#### Task statement:
For the listing below, the answer is an exact retyping of the lines from the one with "Invisalign Provider Yamamoto" through the one with "dough fudgy brownies", both included, without pictures.

#### Data for the task:
****************************************

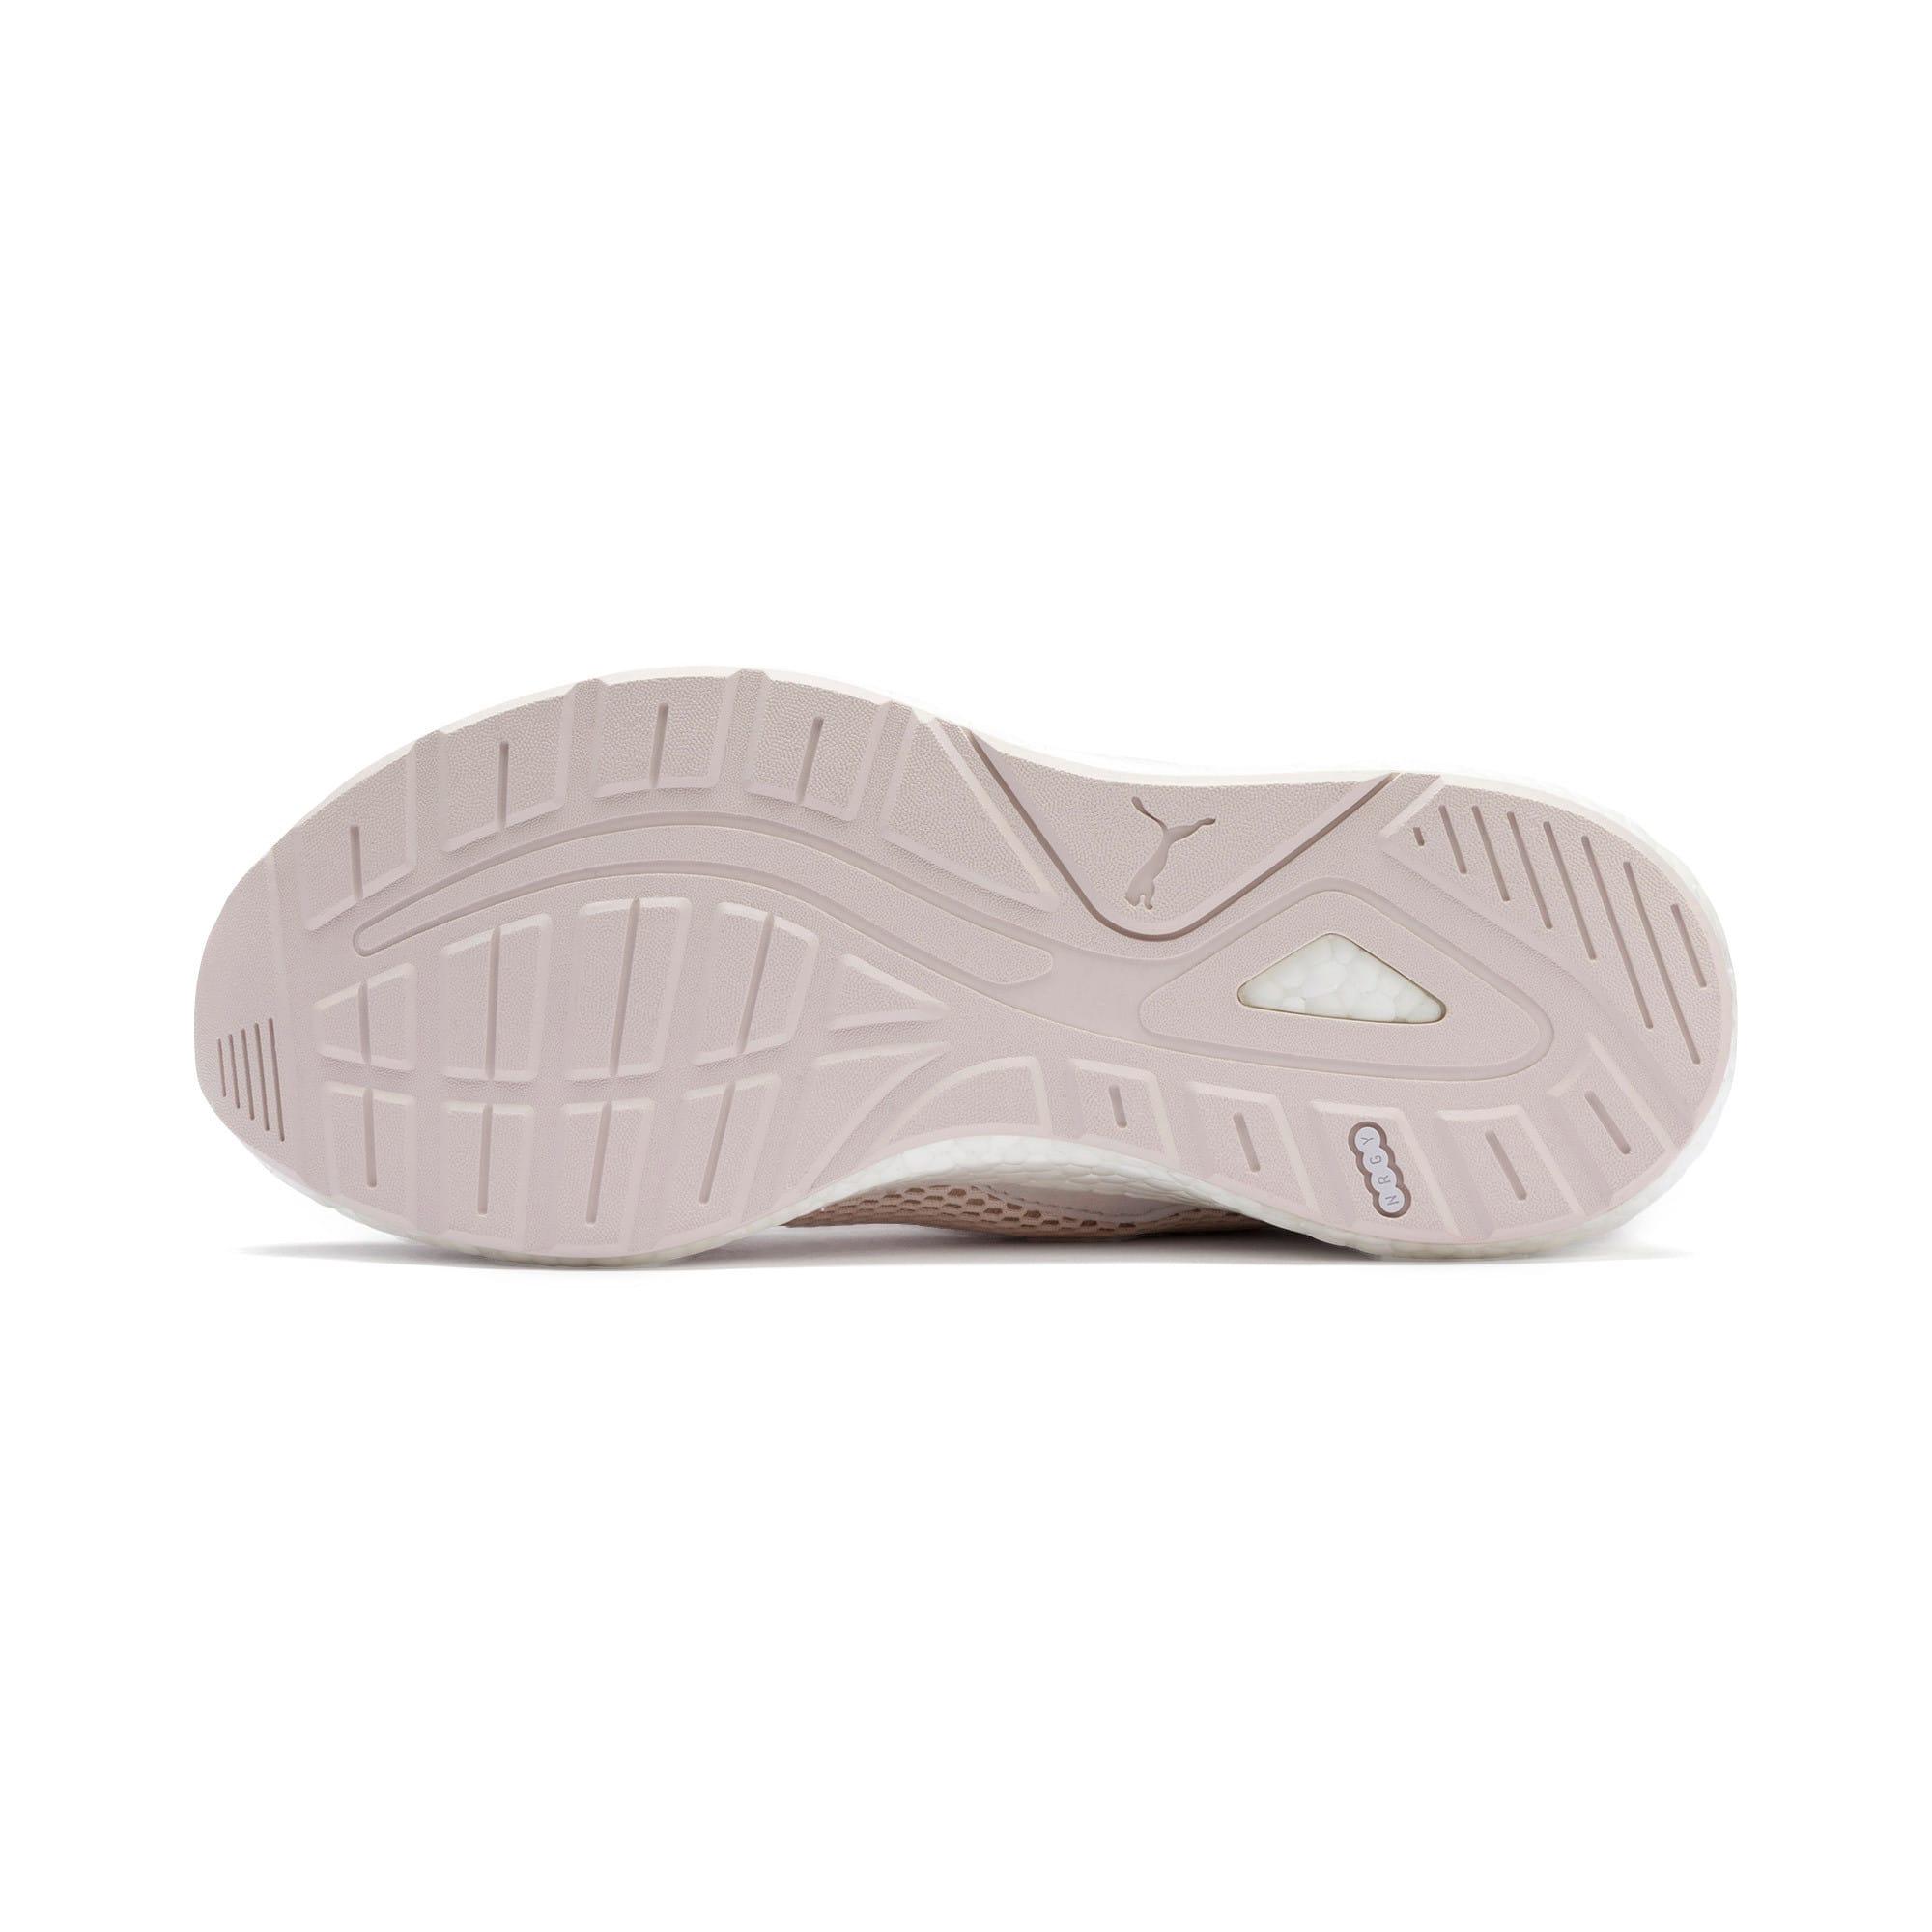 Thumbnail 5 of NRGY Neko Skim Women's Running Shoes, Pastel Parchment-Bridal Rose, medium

****************************************

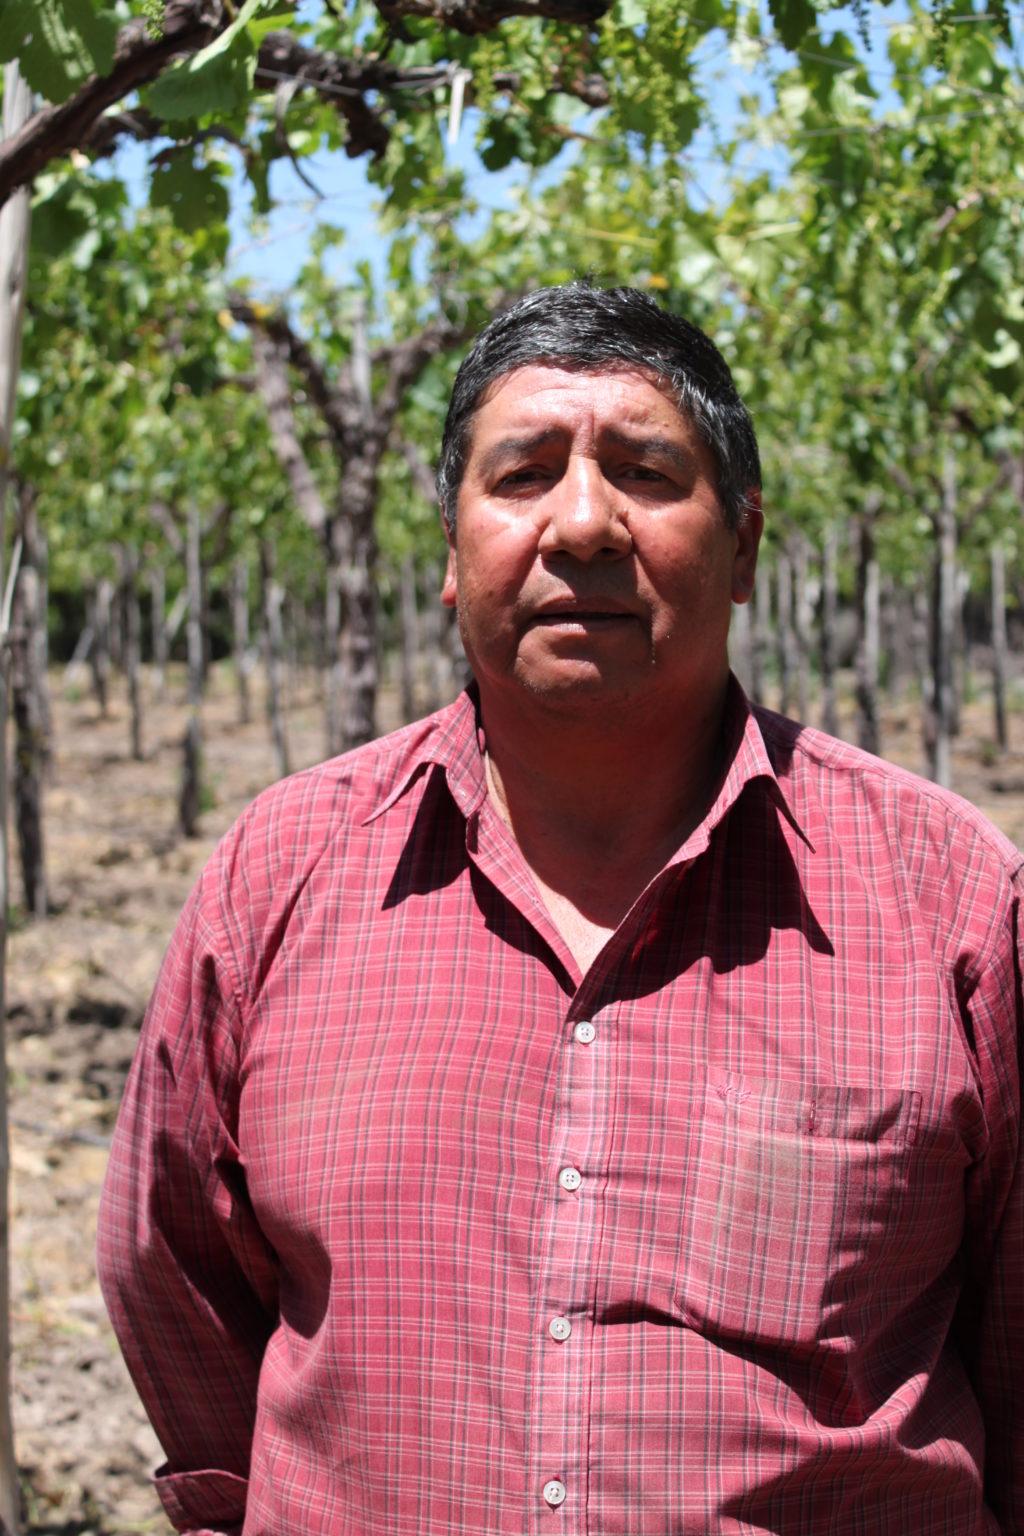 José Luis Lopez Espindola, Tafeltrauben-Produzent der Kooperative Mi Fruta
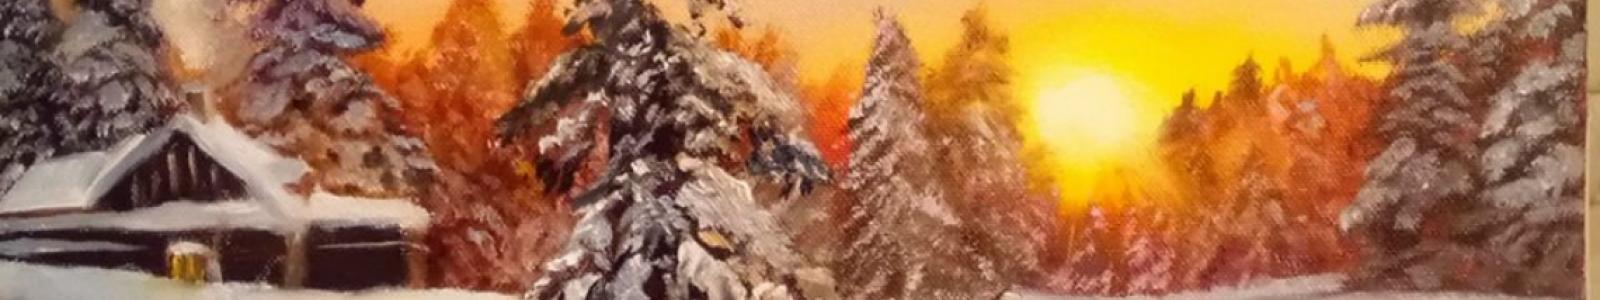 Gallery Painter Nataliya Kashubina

****************************************

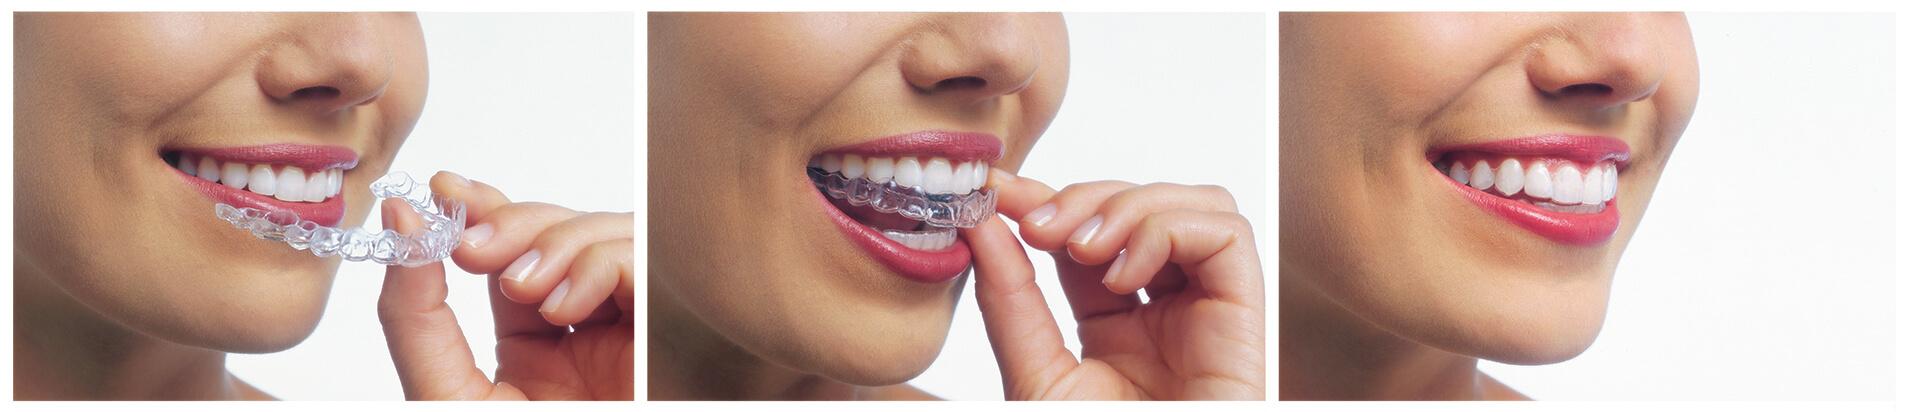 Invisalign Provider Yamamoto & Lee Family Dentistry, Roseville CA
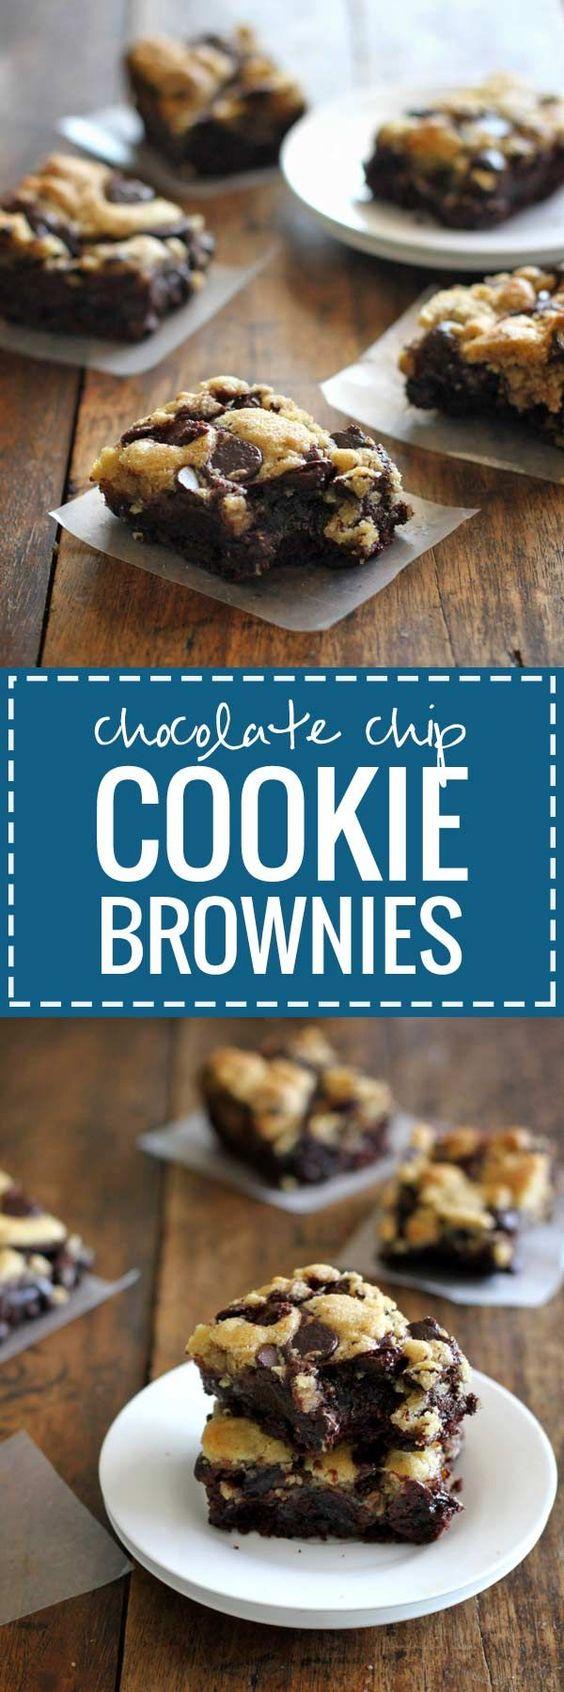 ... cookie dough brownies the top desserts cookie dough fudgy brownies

****************************************

#### Written answer:
 Invisalign Provider Yamamoto & Lee Family Dentistry, Roseville CA
 ... cookie dough brownies the top desserts cookie dough fudgy brownies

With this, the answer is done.